*Description of the task*:
When you copy the data, keep every word exactly as it is and leave the pictures out.

*Data section*:

· · · · ·

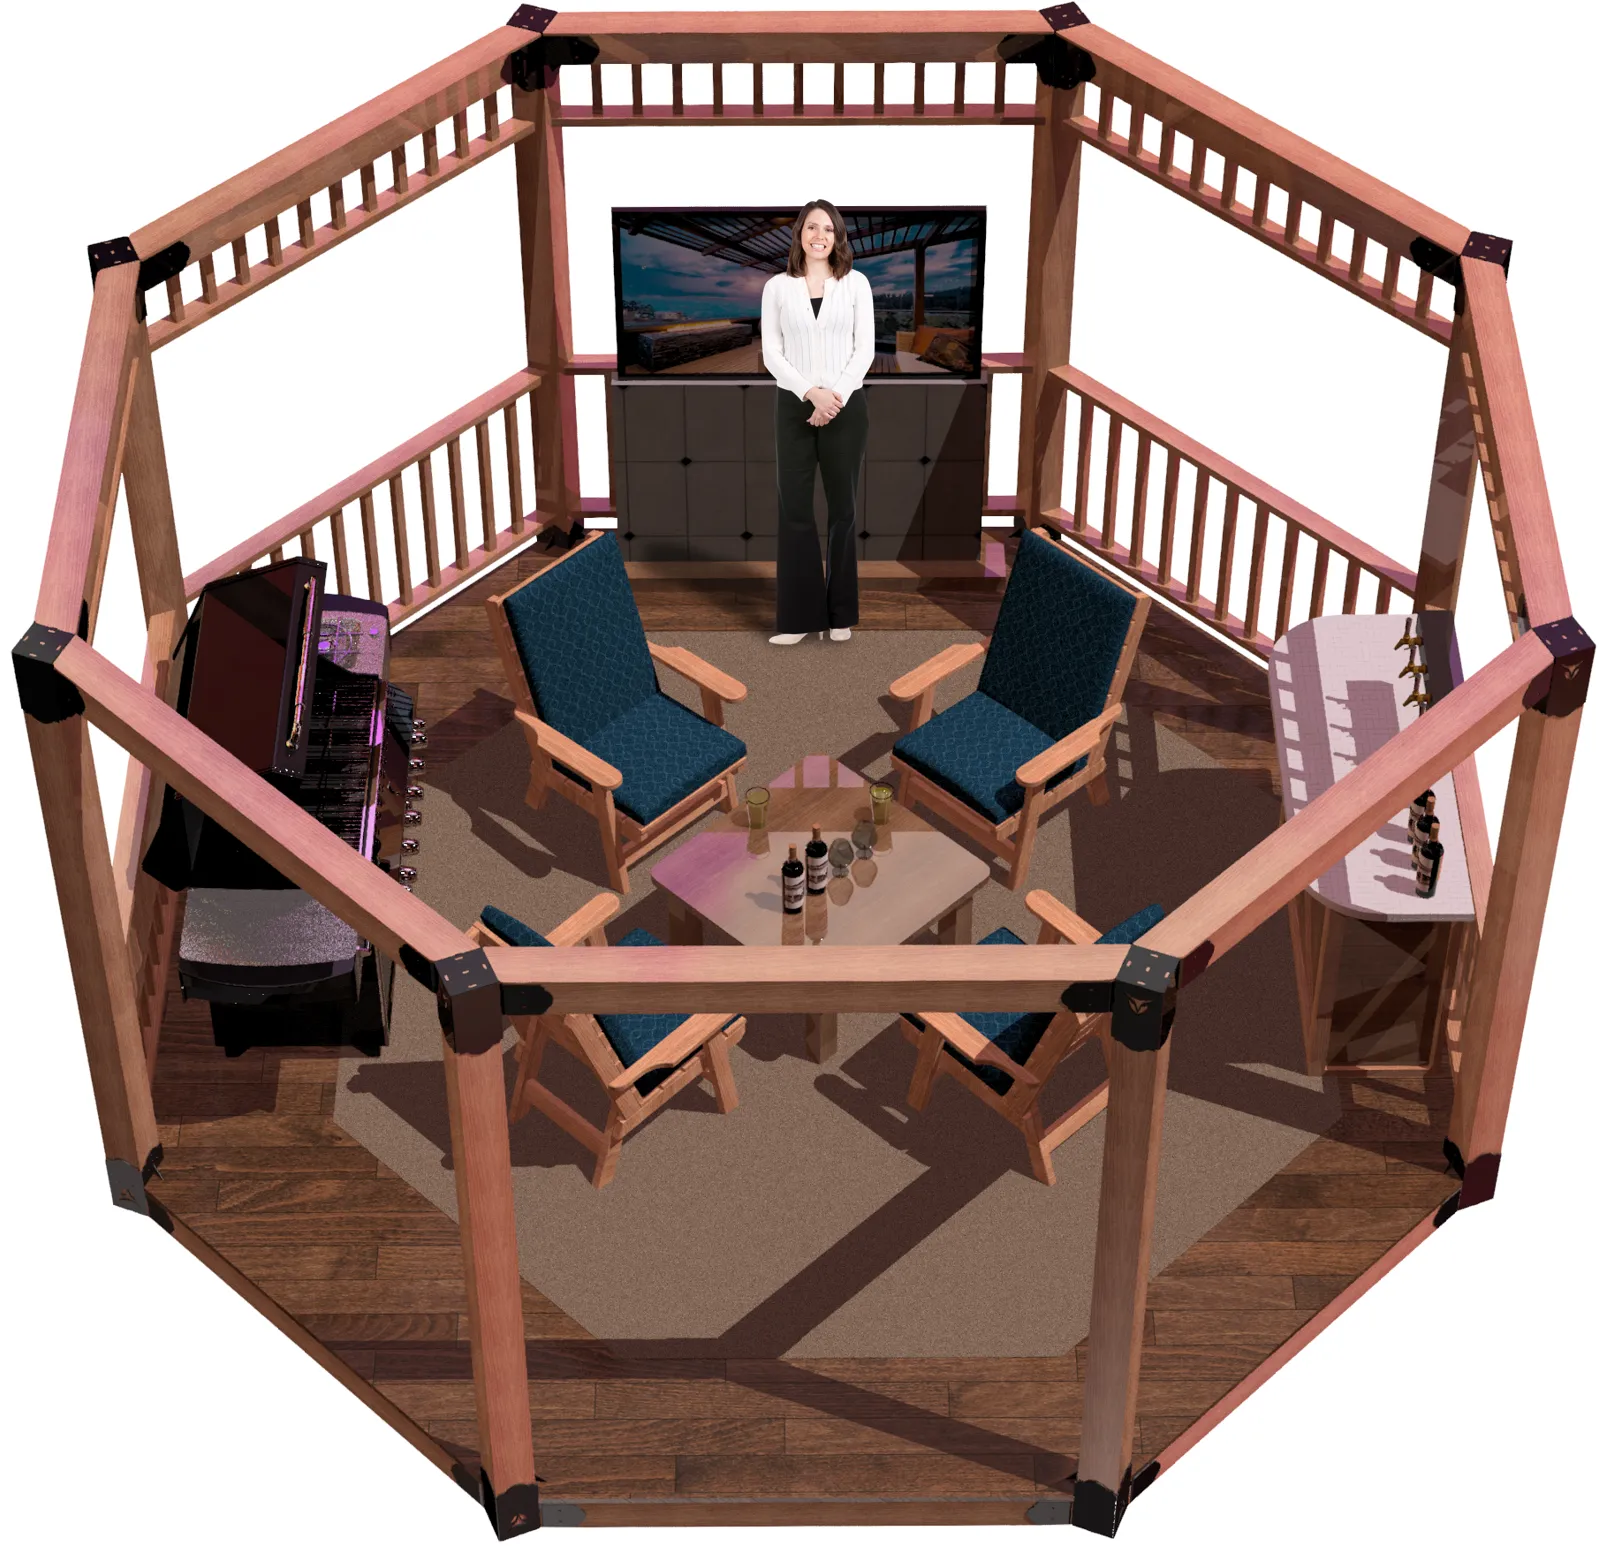 view of a DIY 6X6 floating deck, open top octagon pergola. A bar with beer taps & wine bottles, barbecuer, LED TV, and casual furniture inside and a girl standing and smiling inside it.
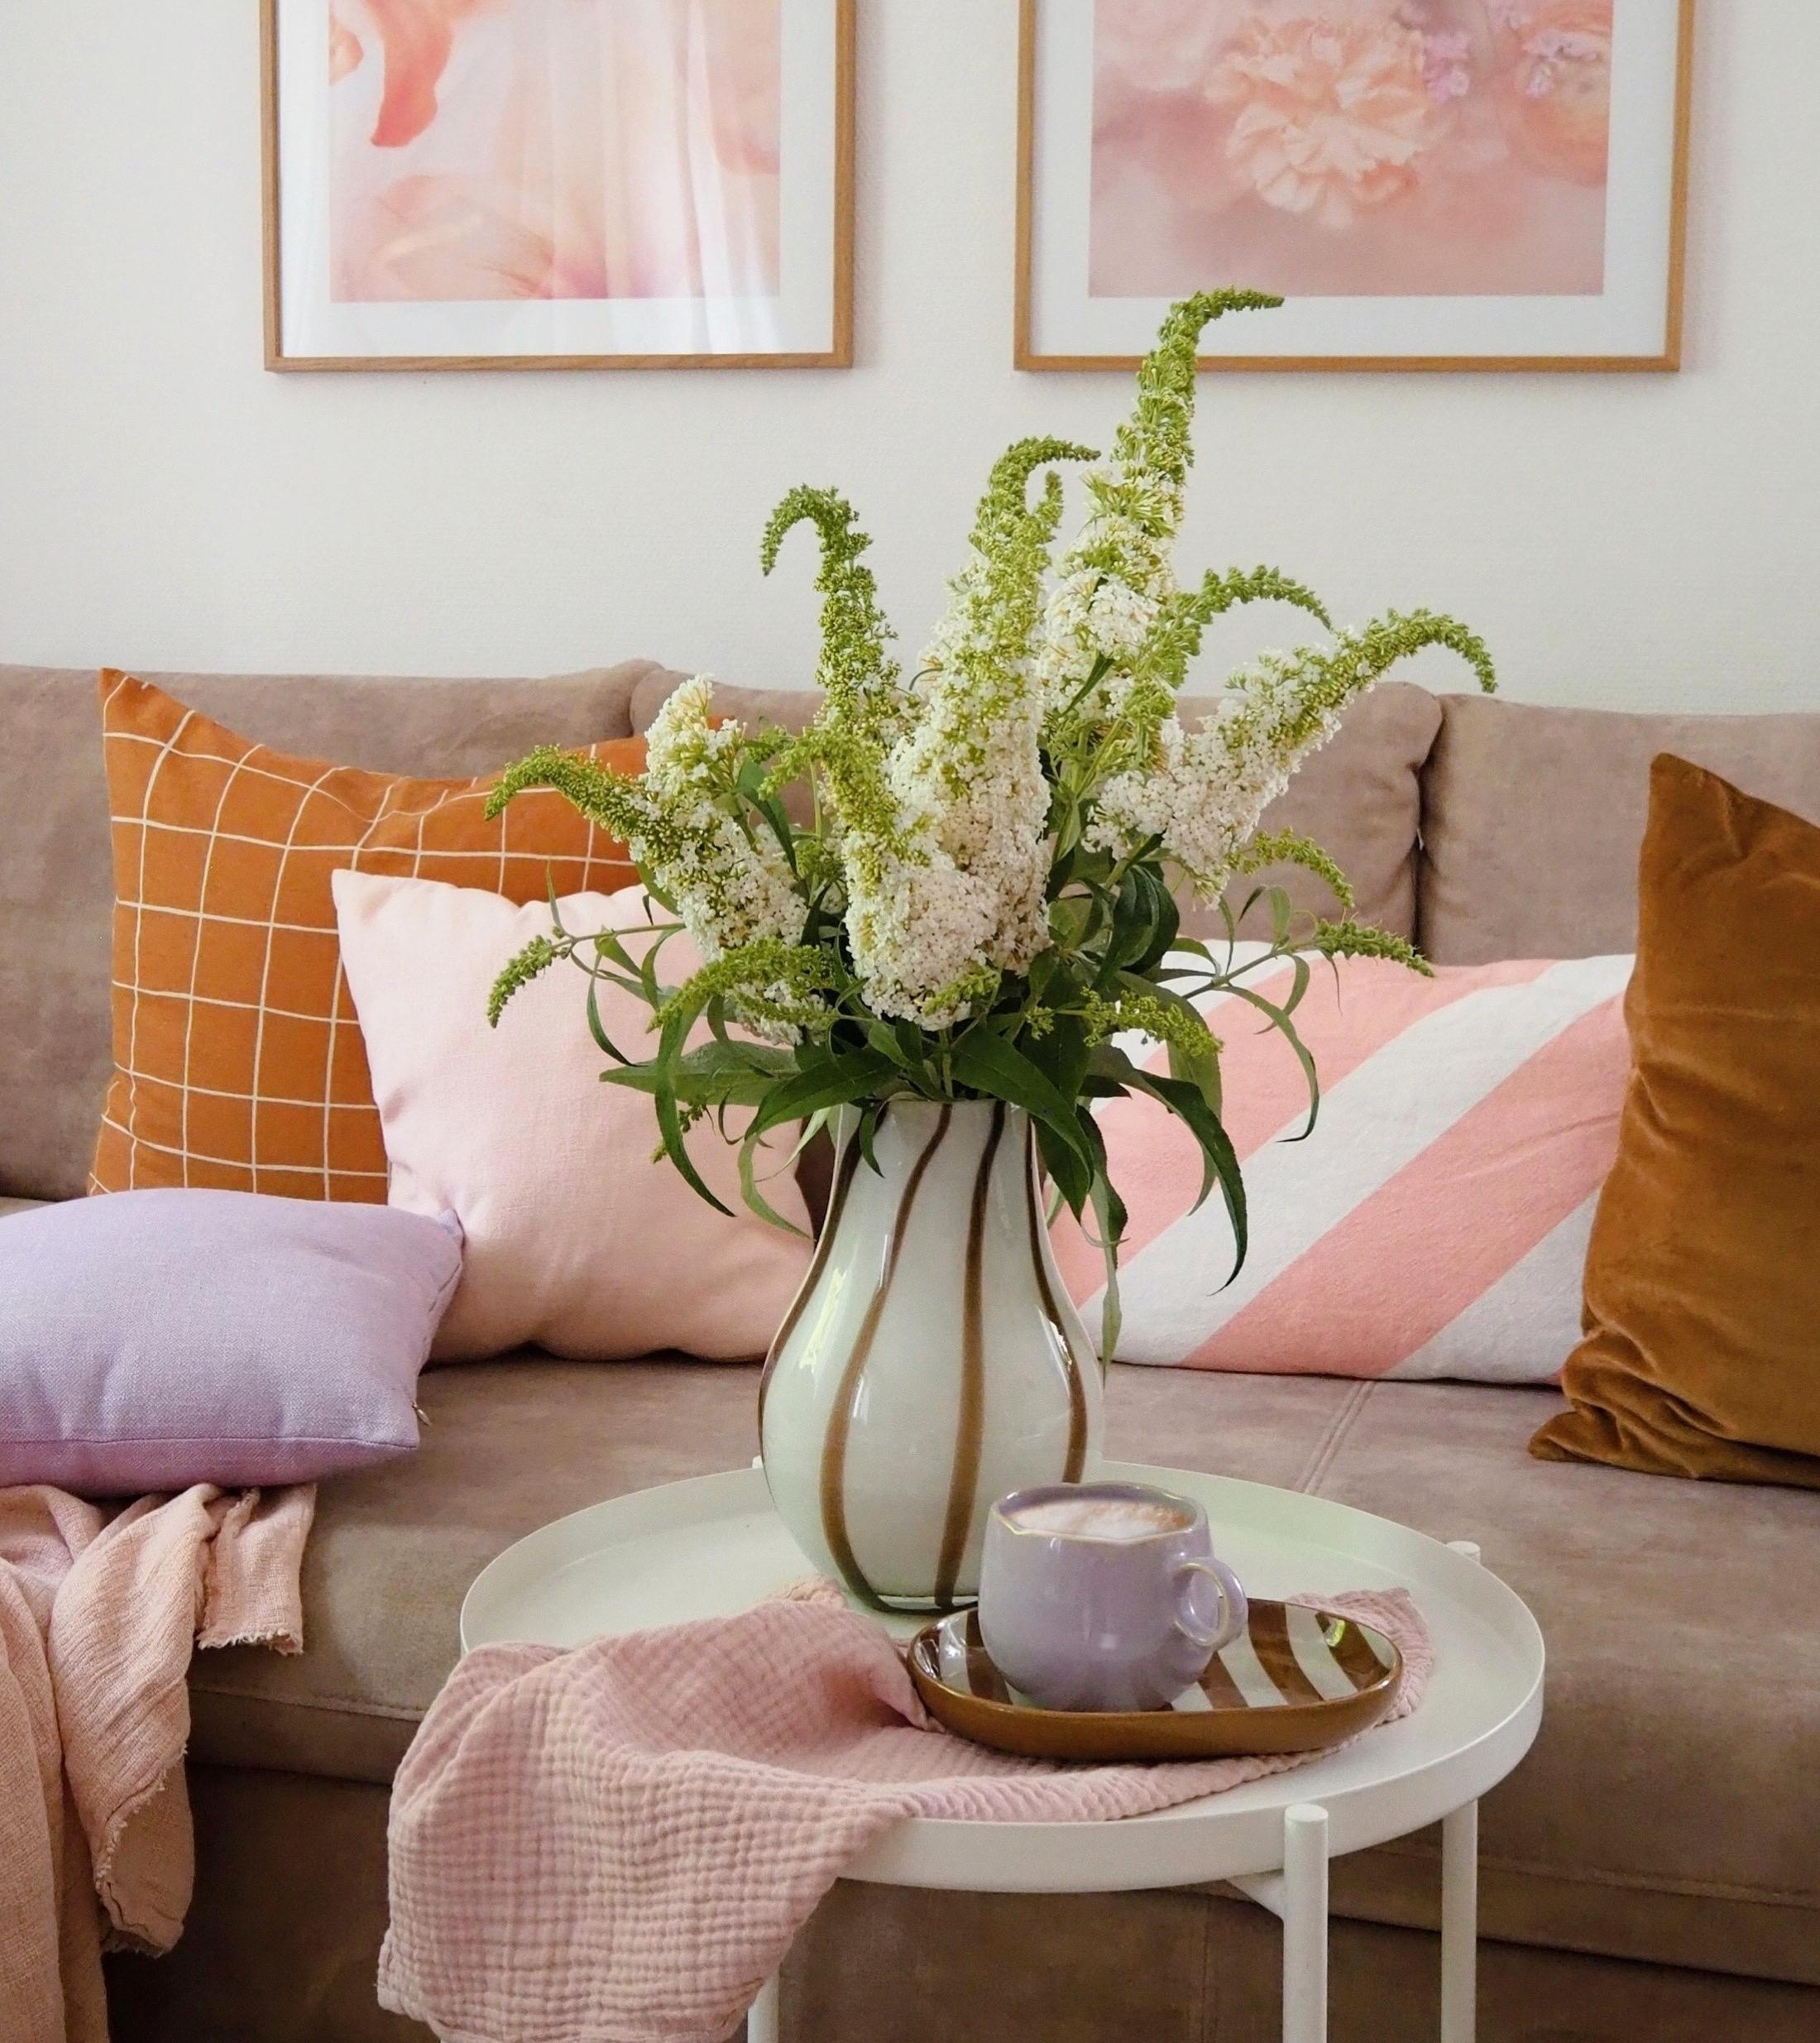 FRIDAY #flowers 
#couchstyle #couch #wohnzimmer #colourfulhome #livingroominspo #blumenliebe
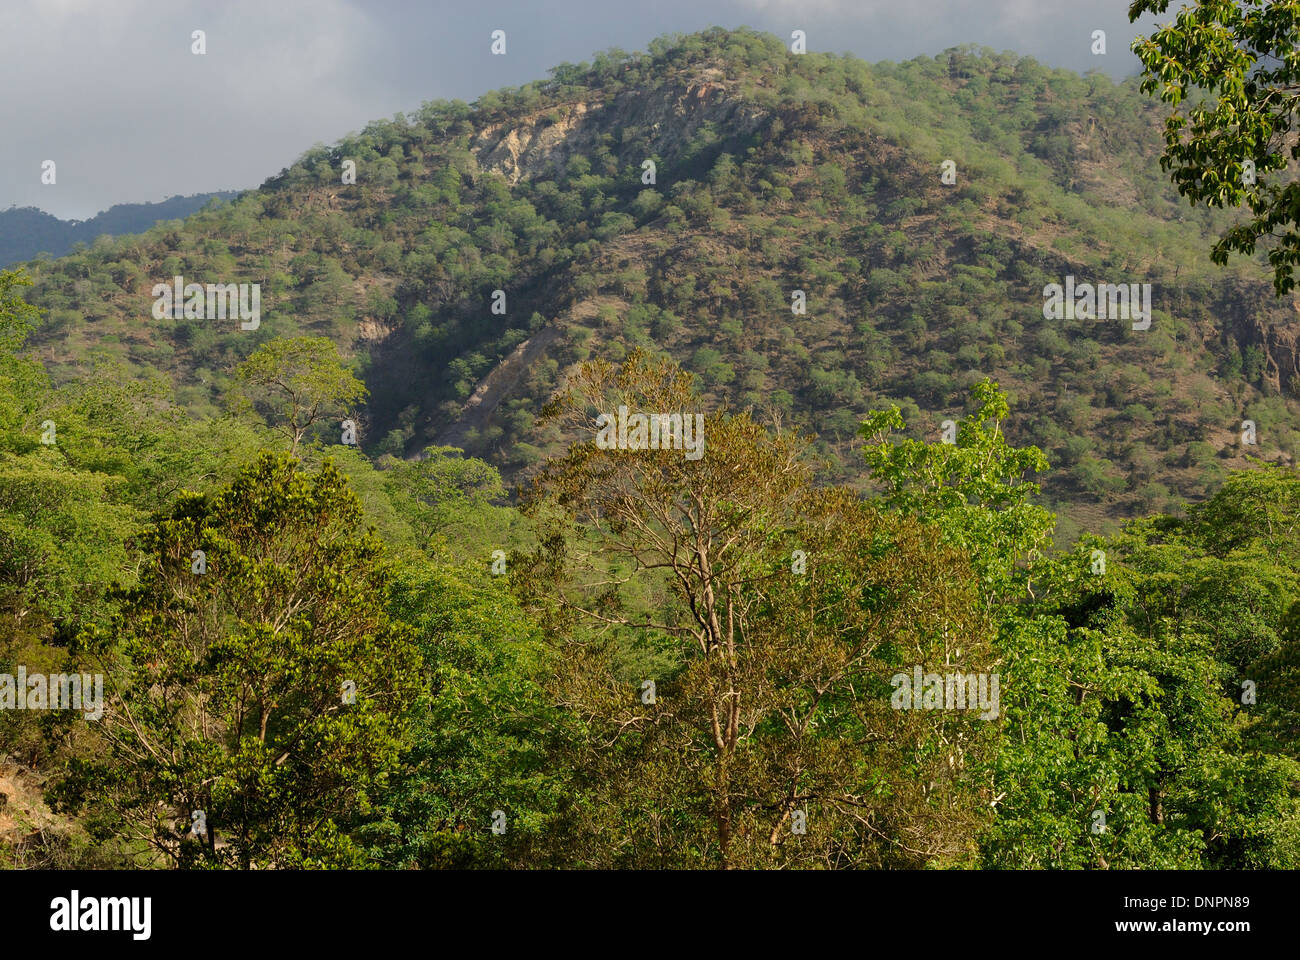 Day forest in Djibouti, Horn of Africa Stock Photo

· · · · ·

*Problem solution*:
 view of a DIY 6X6 floating deck, open top octagon pergola. A bar with beer taps & wine bottles, barbecuer, LED TV, and casual furniture inside and a girl standing and smiling inside it.
 FRIDAY #flowers 
#couchstyle #couch #wohnzimmer #colourfulhome #livingroominspo #blumenliebe
 Day forest in Djibouti, Horn of Africa Stock Photo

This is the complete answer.